*Task brief*. Print the entire listing below word for word, excluding its pictures.

----- Information supplied

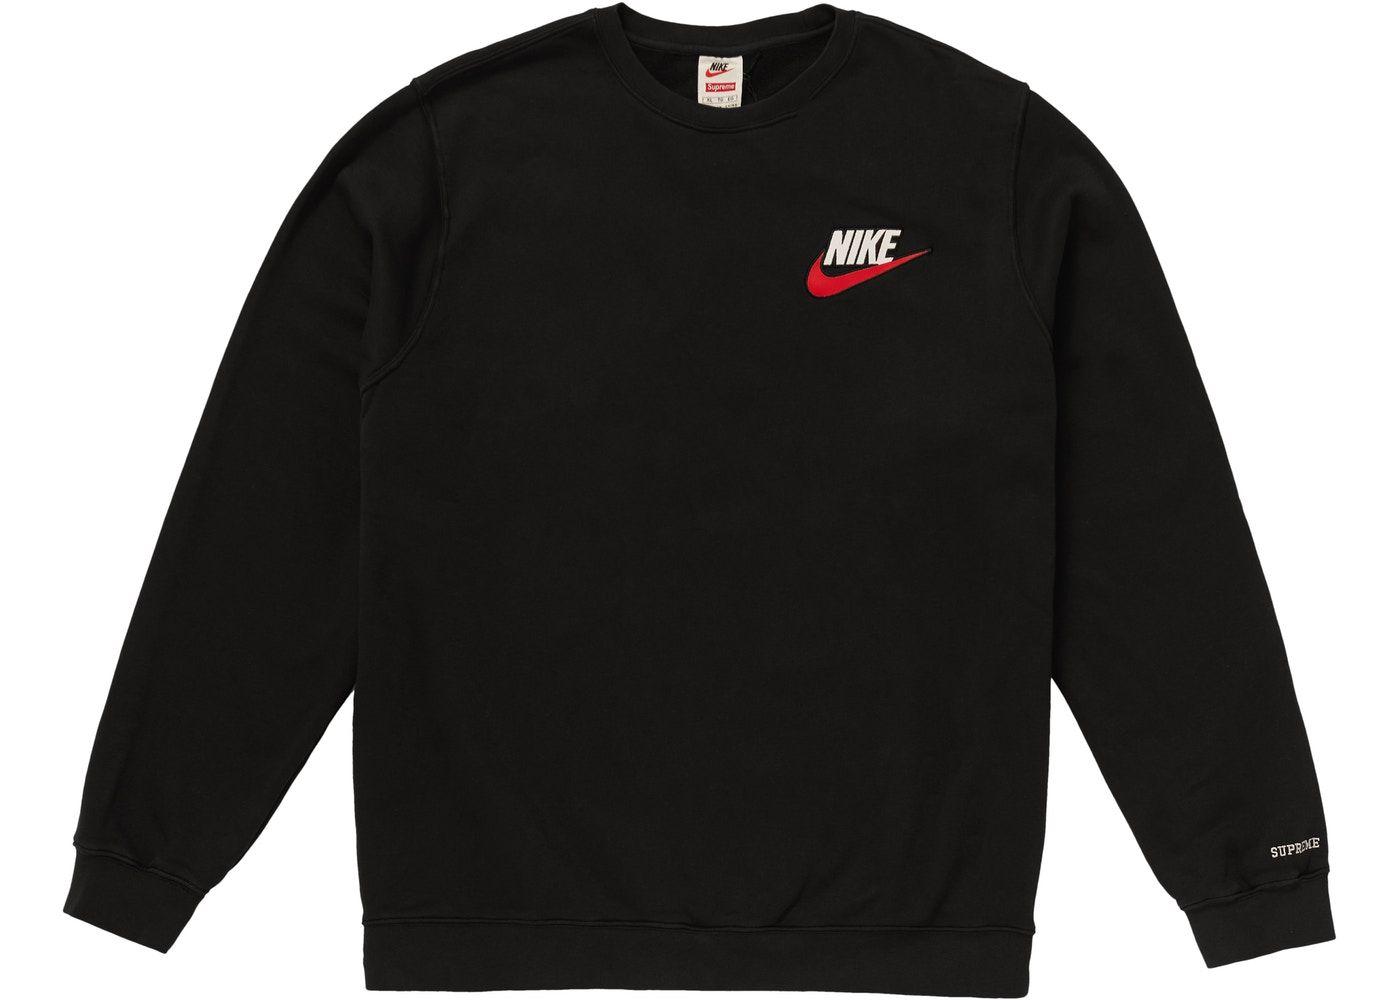 Supreme Nike Crewneck Black Nike Crewneck Nike Crewneck Sweatshirt Black Sweatshirts [ 1000 x 1400 Pixel ]
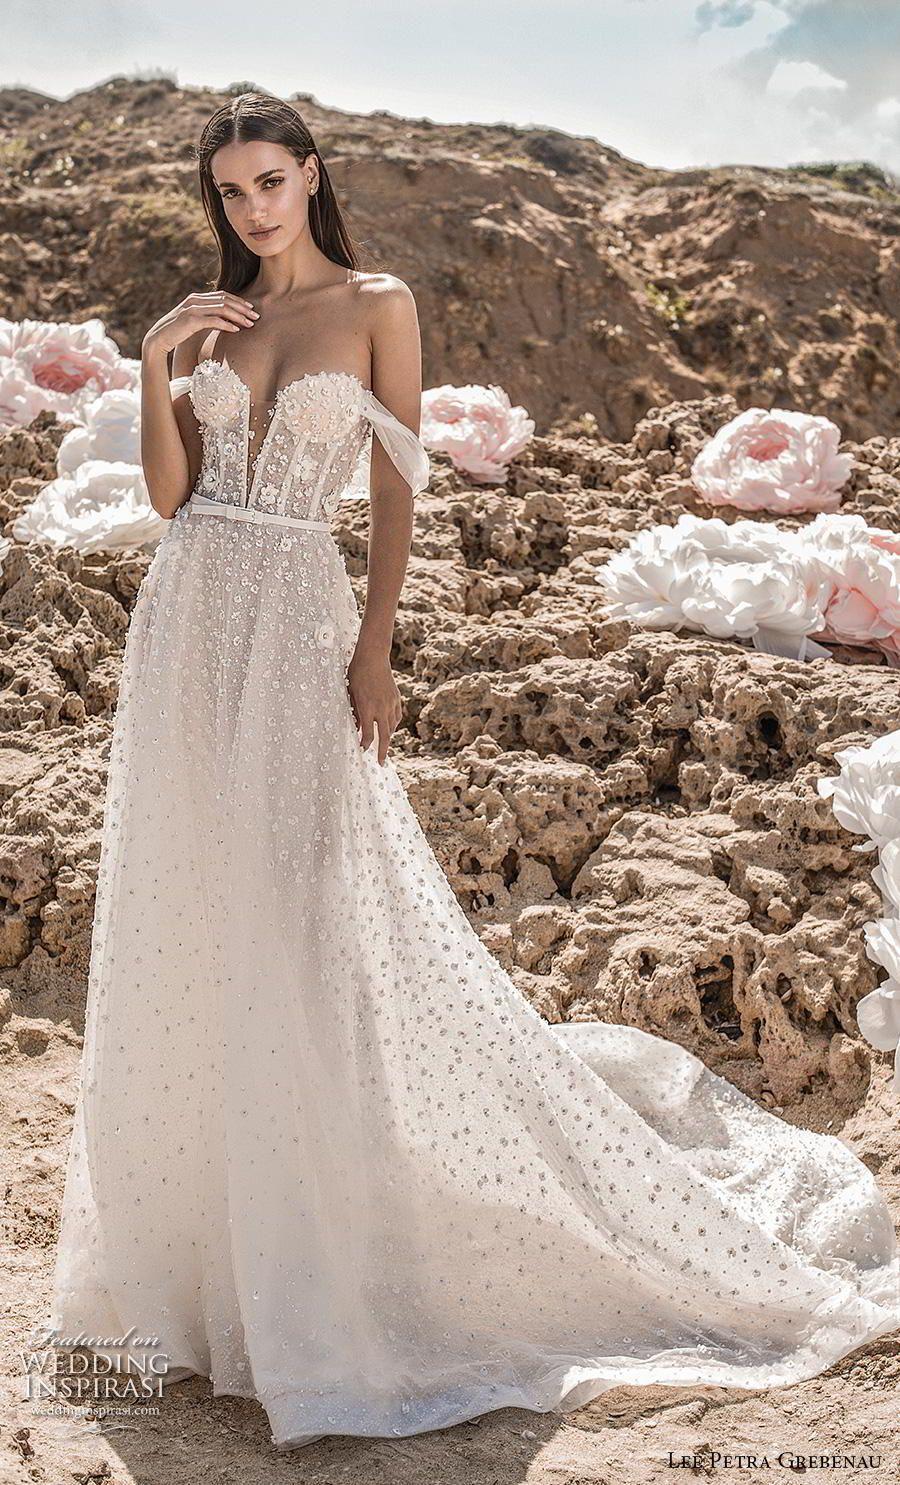 dda5a422dcaf Weddinginspirasi.com featuring - lee petra grebenau fall 2019 bridal off  the shoulder deep plunging sweetheart neckline full embellishment romantic  a line ...
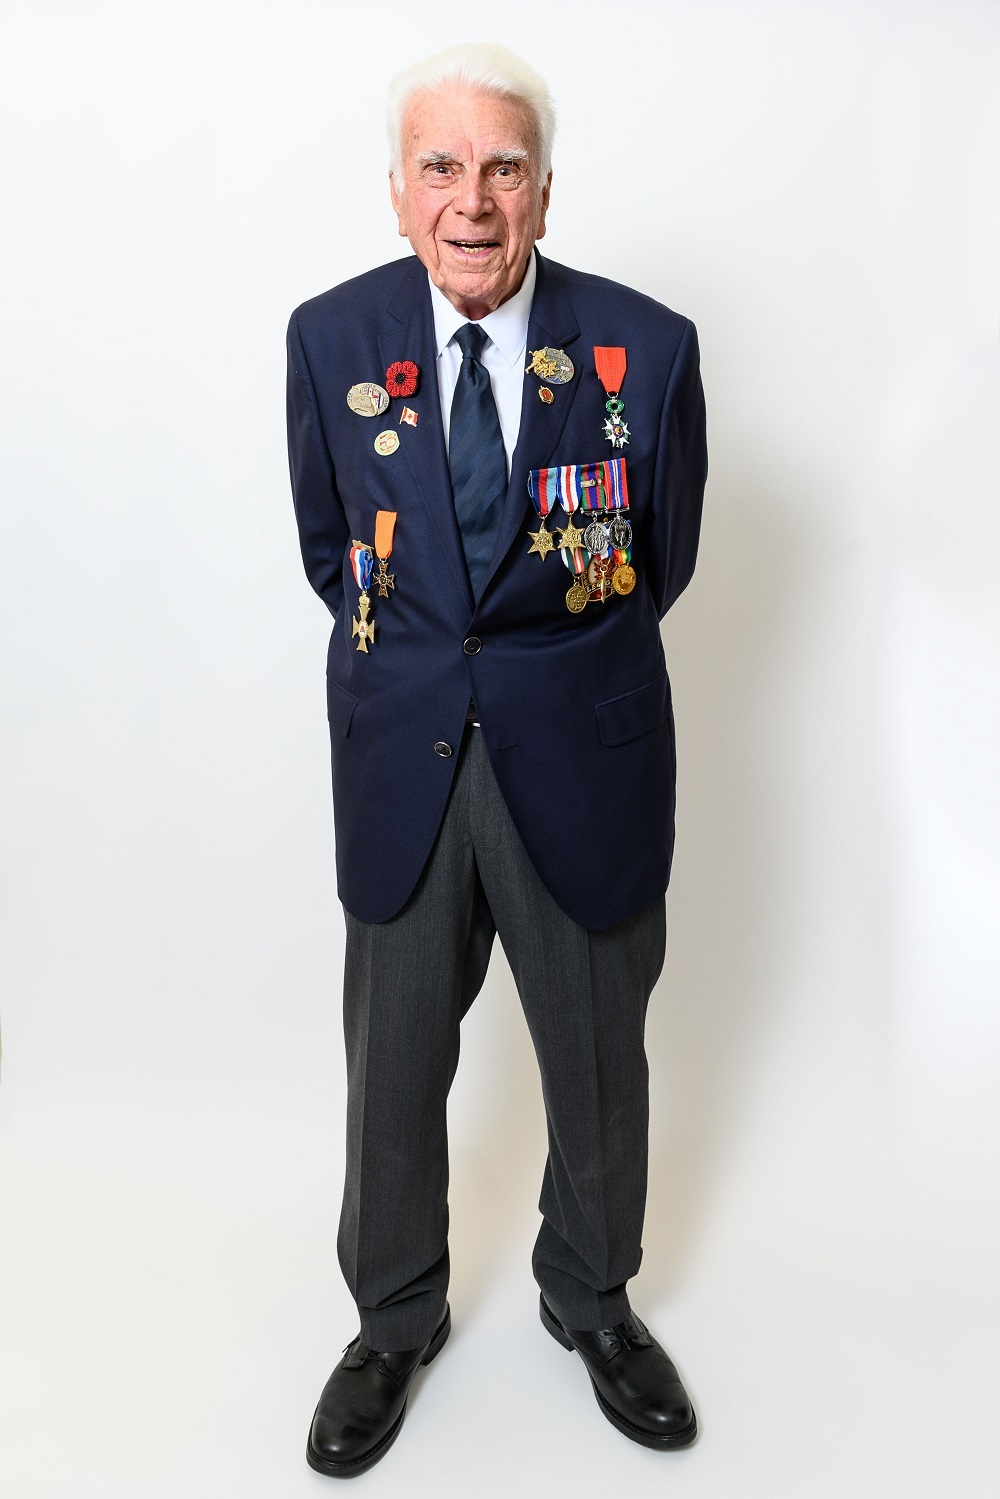 Sergeant (Ret'd) Norman Kirby

----------

*Result of this exercise*.
 Supreme Nike Crewneck Black Nike Crewneck Nike Crewneck Sweatshirt Black Sweatshirts [ 1000 x 1400 Pixel ]
 dda5a422dcaf Weddinginspirasi.com featuring - lee petra grebenau fall 2019 bridal off  the shoulder deep plunging sweetheart neckline full embellishment romantic  a line ...
 Sergeant (Ret'd) Norman Kirby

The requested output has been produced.